26169523_533387417028677_3406170926569762977_n—So tell me why you’re here.

—I’m tired. Not exhausted, but … just, I don’t know, tired. Sarah’s wearing that gray face sad people wear, that mask with dead eyes looks like an unpainted statue.

—Can you describe it? “Tired” is so …

—Not clear?

—Mmm Hmm.

—I didn’t want no attention, she says. —Some people, I think, will think I did it for attention. But it wasn’t attention I wanted.

—What did you want? What did you hope to achieve?

—Shit. What you think?

—And that seemed like a solution?

—No, she says. —Not a solution. An escape.

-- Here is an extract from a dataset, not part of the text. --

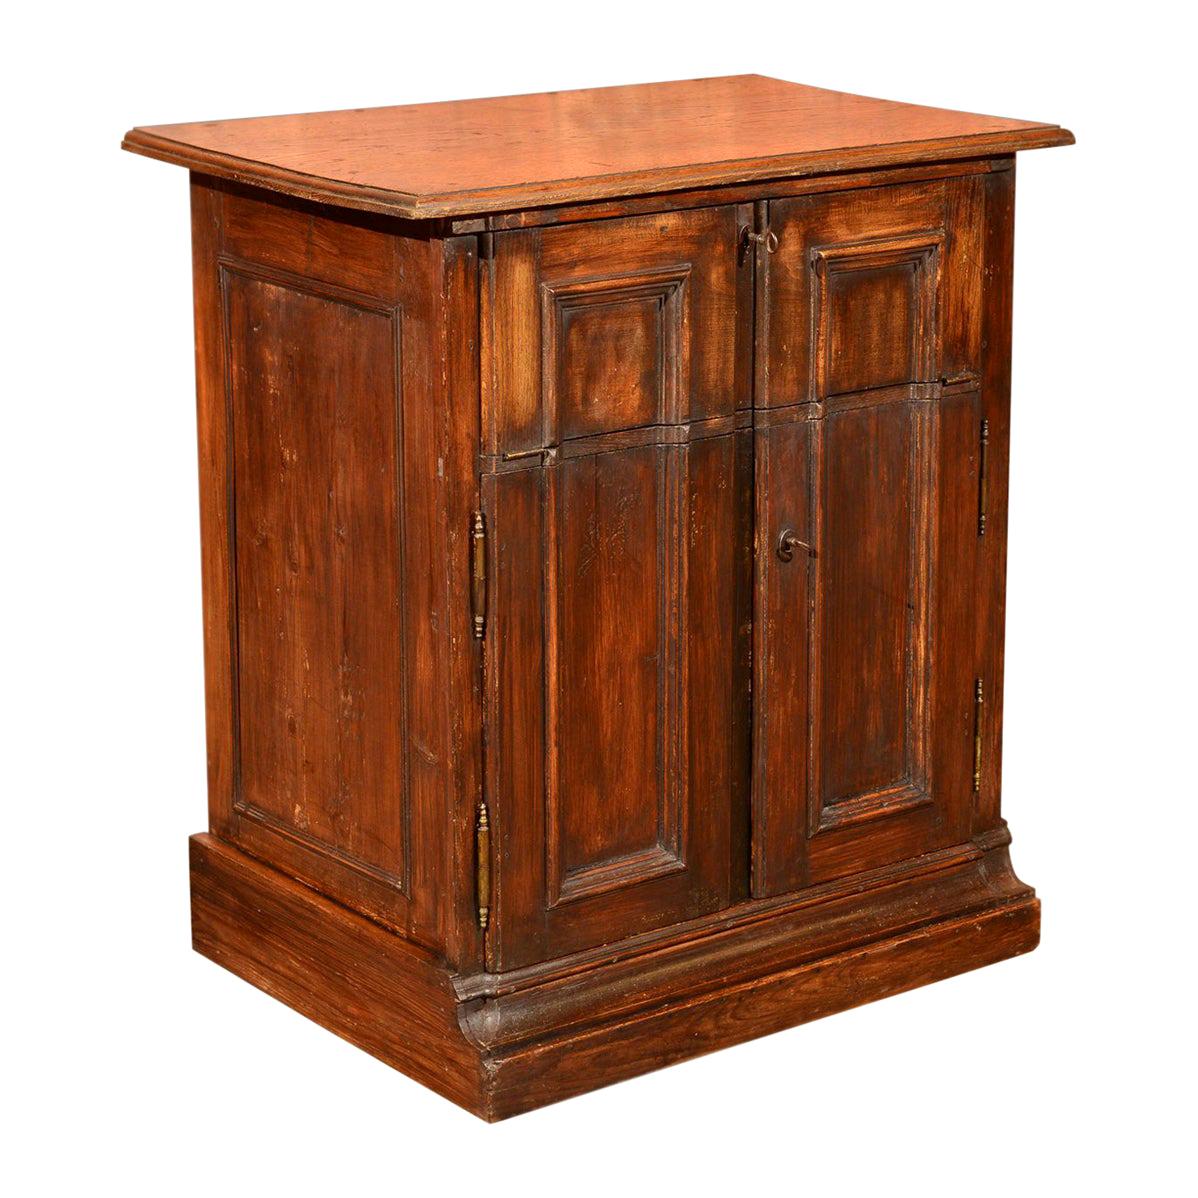 Antique Specimen Cabinet, French Oak Cupboard, Secretaire, Desk, circa 1850 For Sale

—But an escape’s not a solution.

—Didn’t say I was looking for no solution. Escape sounded fine by me.

The doctor glances at his notes. He spins his pen between his fingers and clicks his tongue. Seems like there’s some place he’d rather be, like maybe drinking martinis on his yacht or whatever it is doctors do when they ain’t talking to suicides.

—It says here you’re on LexiPro and Wellbutrin, he says. —Were you taking them when you attempted …

—Hell yes I was, Sarah says. —They numbed things, but they didn’t stop the thoughts, the bad thoughts flying through my head. They didn’t make me feel full when all I feel is empty all the time. (more…)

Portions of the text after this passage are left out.